Ruszamy z największą serią w historii naszej strony. Co prawda historia naszego klubu jest dostępna na Feyenoord.24.net, ale tylko w okrojonej wersji, a każdy wie, że historia jest ogromna, zatem i pisać jest o czym. Dlatego też ruszamy i chcemy wszystkim przybliżyć historię Feyenoordu Rotterdamu, dlatego podzielimy to na kilka części i konkretnie lata, a finalnie wszystko zostanie na stałe zamieszczone w dziale 'O Klubie'.

Lata 50. zaczęły się wręcz fatalnie dla Feyenoordu. Przez pewien czas w sezonie 1949-1950, drużyna ta balansowała nawet w okolicach ostatniego miejsca, zanim ostatecznie zajęła szóste miejsce na finiszu. W maju 1950 roku, zespół - w którym grała między innymi późniejsza ikona klubu, Fred Blankemeijer, występujący jako stoper - doznał w domowym Kuip porażki 9-1 w piątej rundzie turnieju pucharowego, co przez długi czas pozostawało najwyższą porażką w historii klubu.

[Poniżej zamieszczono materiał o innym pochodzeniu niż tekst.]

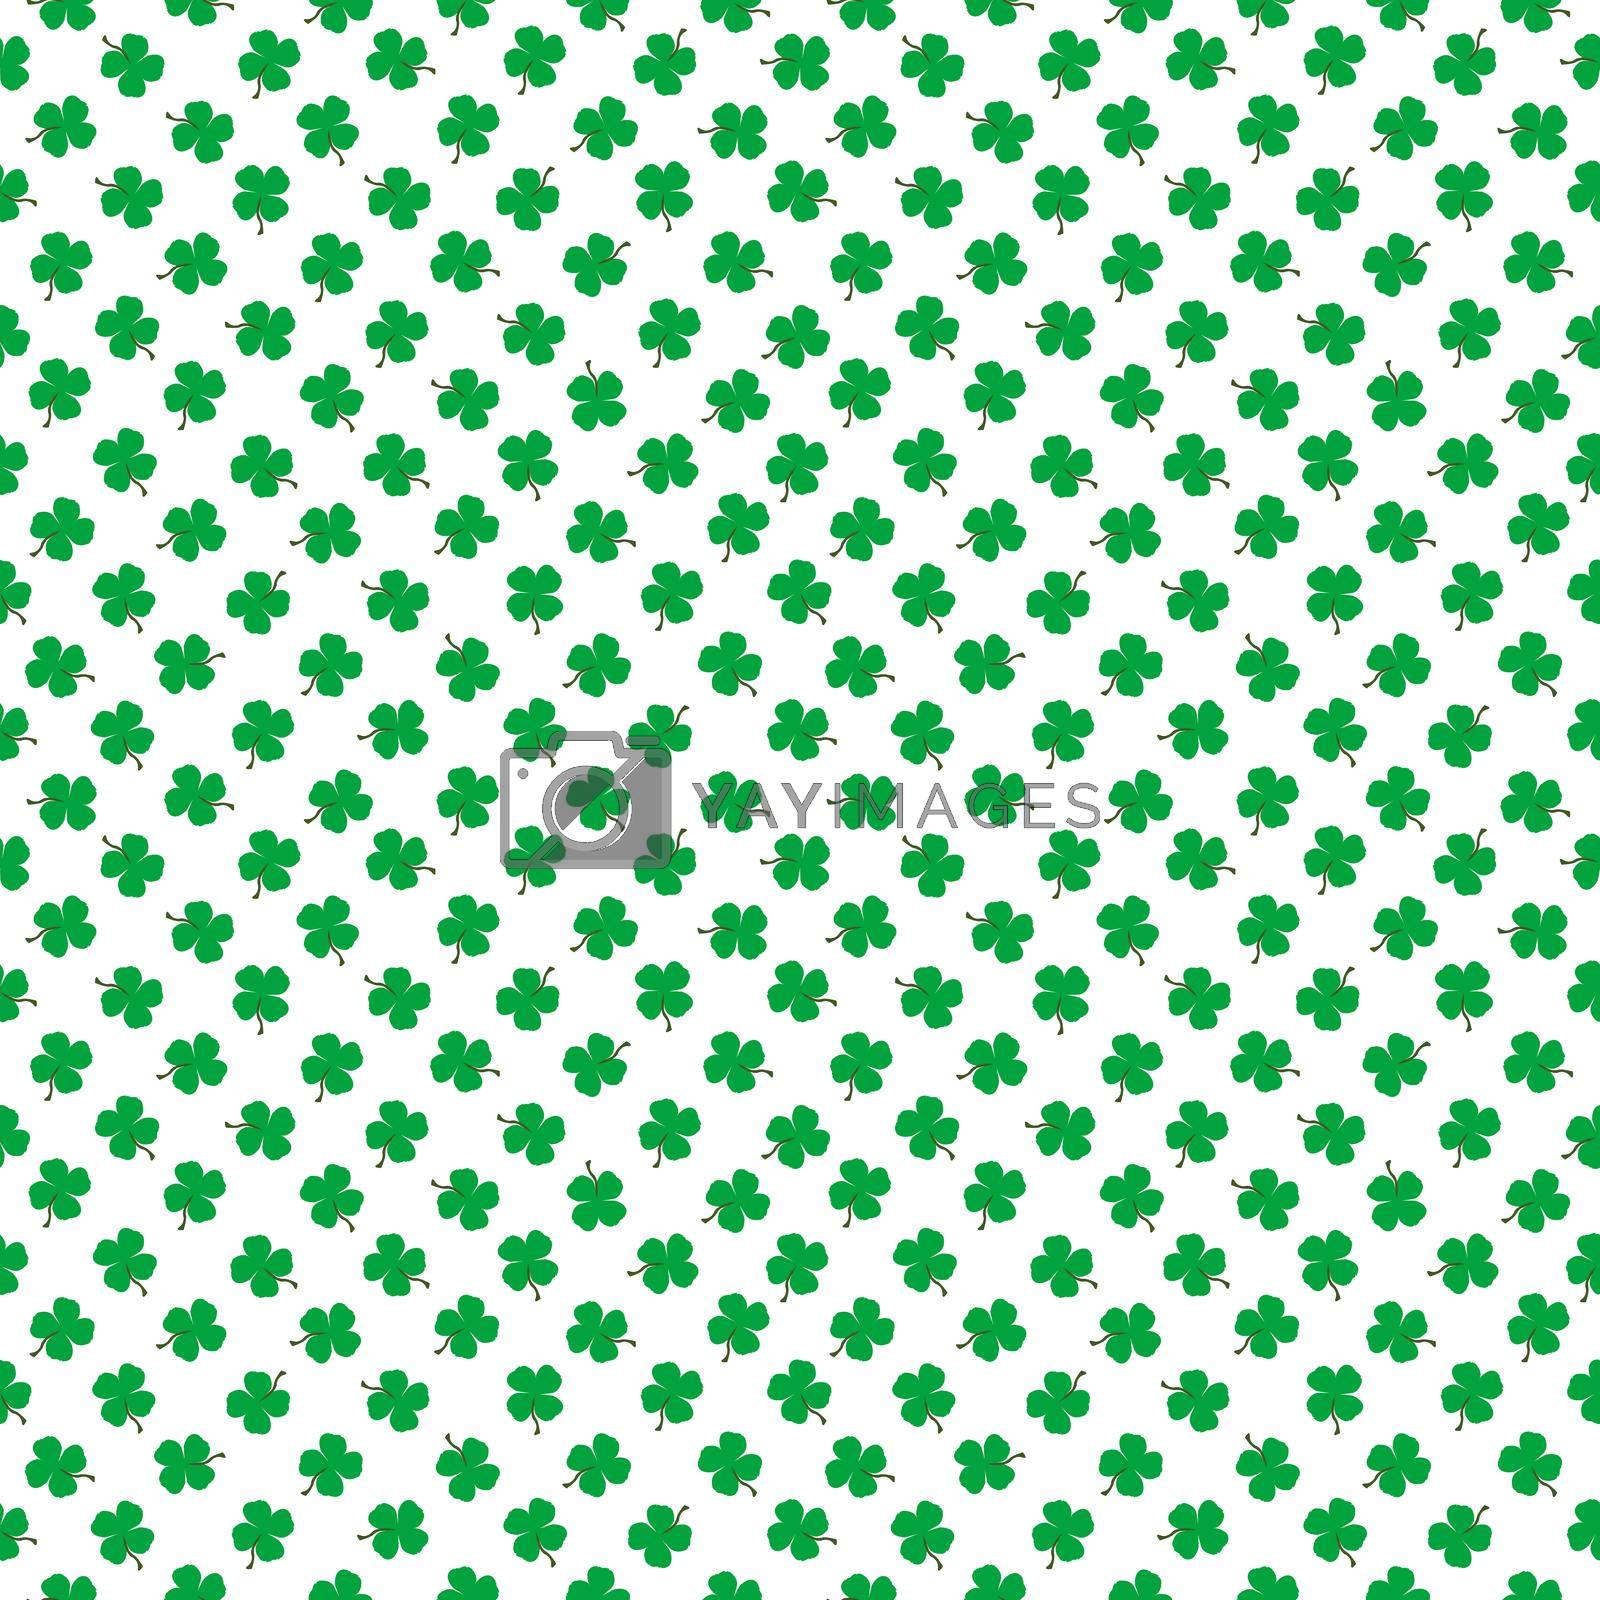 Royalty free image of Seamless pattern with clovers on white background in polka dot style by hibrida13

Feyenoord również doświadcza skutków narodzin profesjonalnej piłki nożnej, której holenderska liga stanowczo się sprzeciwia i z którą walczy. Na przykład, w 1950 roku trzech zagranicznych graczy (środkowy napastnik Joek Brandes, prawy obrońca Piet Steenbergen i pomocnik Arie de Vroet) opuściło klub na rzecz lukratywnych kontraktów we Francji. Tymczasem dzikie stowarzyszenie zawodowe NBVB, które w odróżnieniu od KNVB organizuje profesjonalną piłkę nożną i przyciąga liczne tłumy, zabiega o usługi kilku graczy Feyenoordu.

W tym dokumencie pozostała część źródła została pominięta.